Nothing really makes you who you are.



Sometimes.. I wish someone is here for me right now. Not physically but rather someone that is willing to hear me out and understand me whenever I need it. Right now, I really need someone. Those that are there previously are gone. Disconnected.
Just don't understand why every single time there will be separation, cant we just go on with life without leaving everyone out! I am tired of adapting I am tired of changing I am tired of finding new friends actually.
I want to cry. I want people to understand why I cry even though they may be childish.. I want to say I love you whenever I want to. Even though I cant say it to the person I like I can say it to you just to relieve myself.
I want to talk to someone that will never have to make me think if that is right or wrong childish or mature.

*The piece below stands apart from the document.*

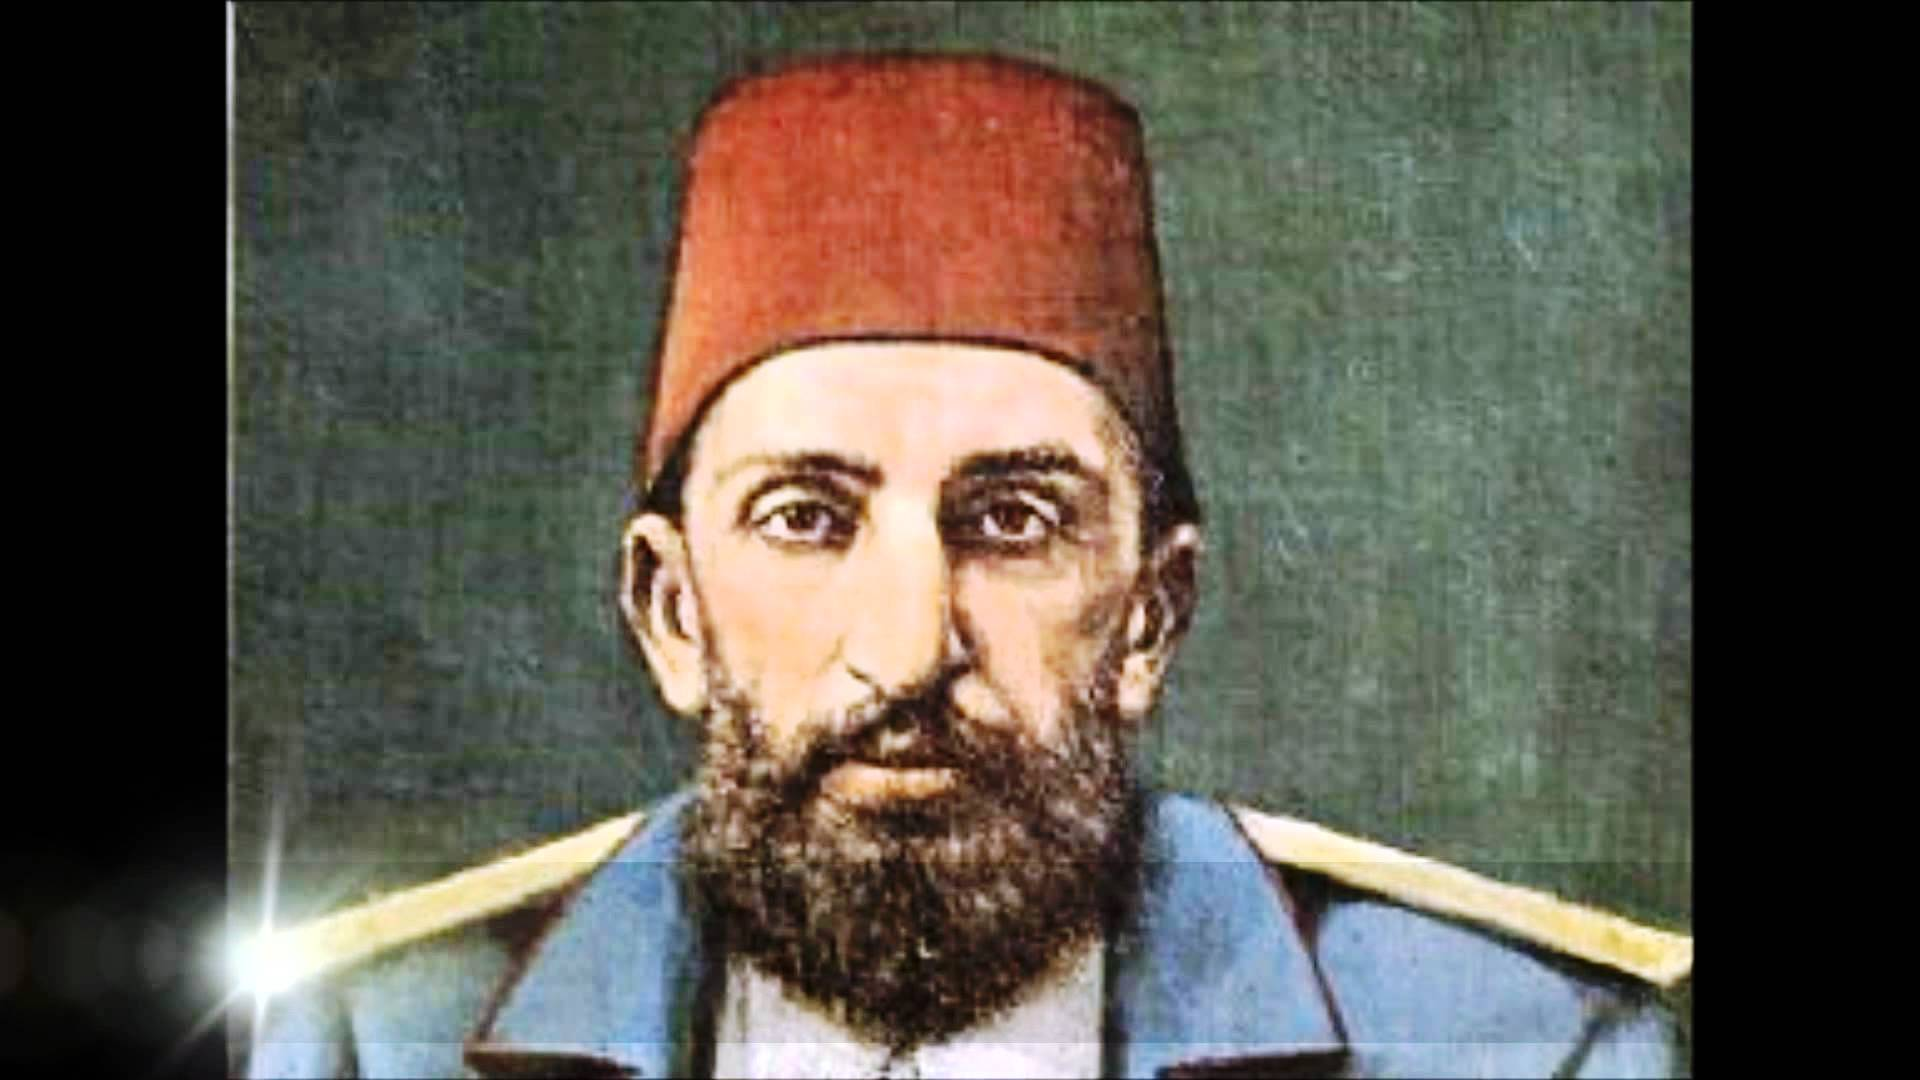 Padişah 2.Abdulhamid han Osmanlı Sultanı İkinci. Abdulhamit İslam Birligi Halifesi
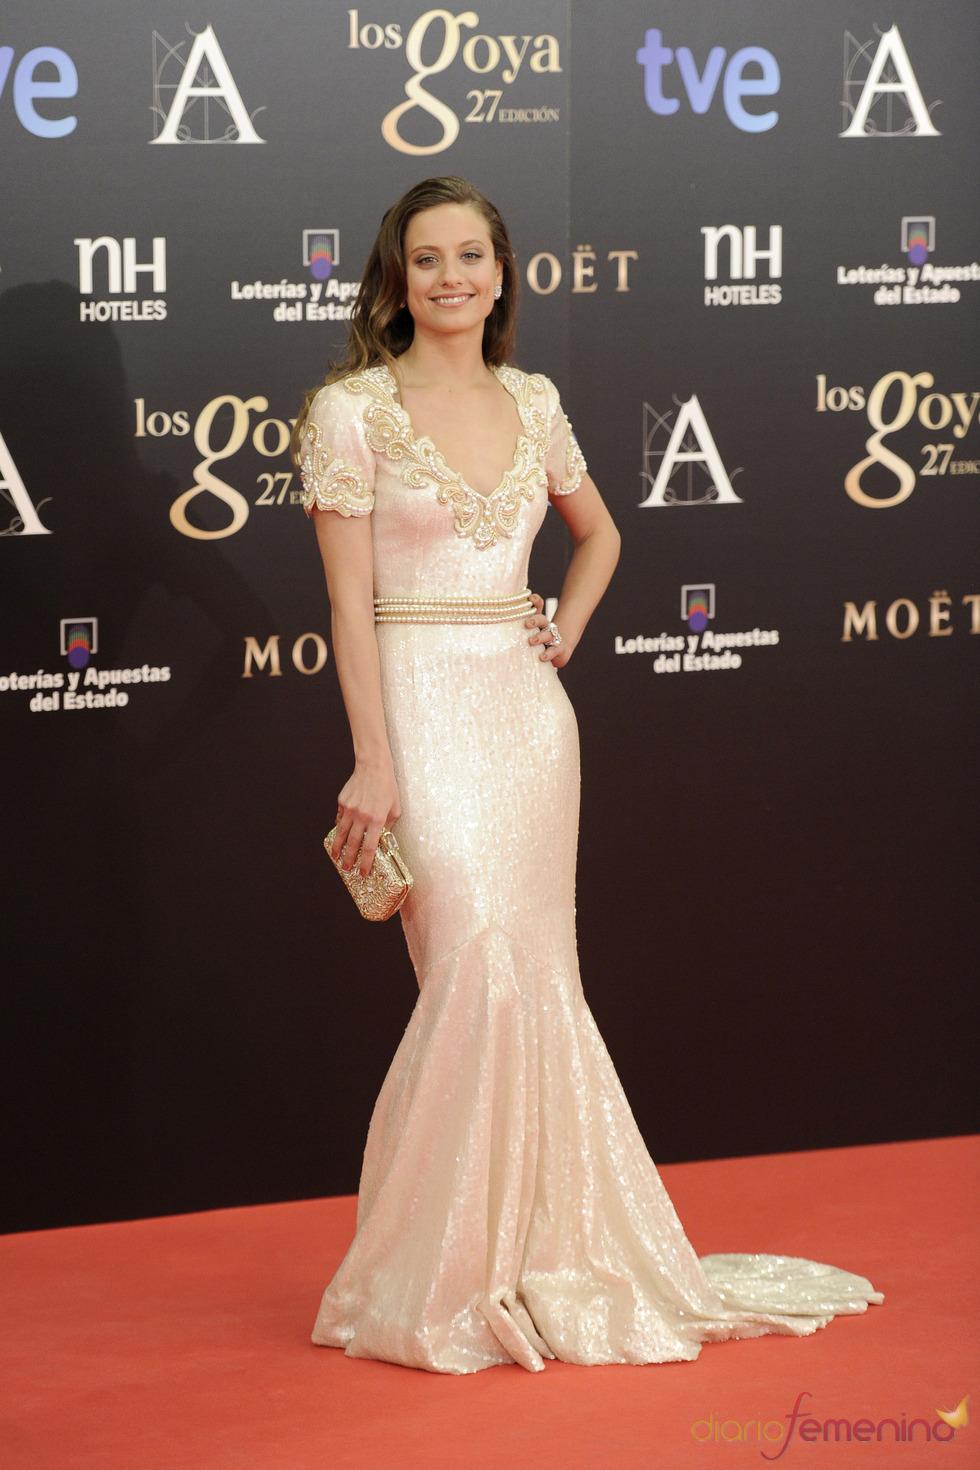 Michelle Jenner en la alfombra roja de los Goya 2013

Right now, I have no idea what to do. I hate to see what I have to see today! I hate that I actually feel something when I saw that slip of paper! I hate it when I actually look at her and I actually hate her! I hate it that I actually love your eyes and how it seem to relieve me. I hate how you always reply me when I talk to you. I hate how you are always there when I ask you out! I hate how you can always get for me the things I want! I hate how I tolerate all your nonsense and all your fantasy about her and you in your future. I hate how you are so immature and still I like you. I hate how you always lead me to the wrong road. I hate how I misunderstand the things that you did for me. How I wish I could turn all this hate to love. I only wish I had a chance. I want a chance. Even though I know there is none. I know this is not a crush or an eyecandy.

Will I be close to you if I continue to tolerate those things that you always mention to me about her? Do you even think I can continue to be a friend of yours?

I just so tired of pretending to be cheerful next to you, I just want you to know how I feel sometimes.

Hope that this feeling will just fade away.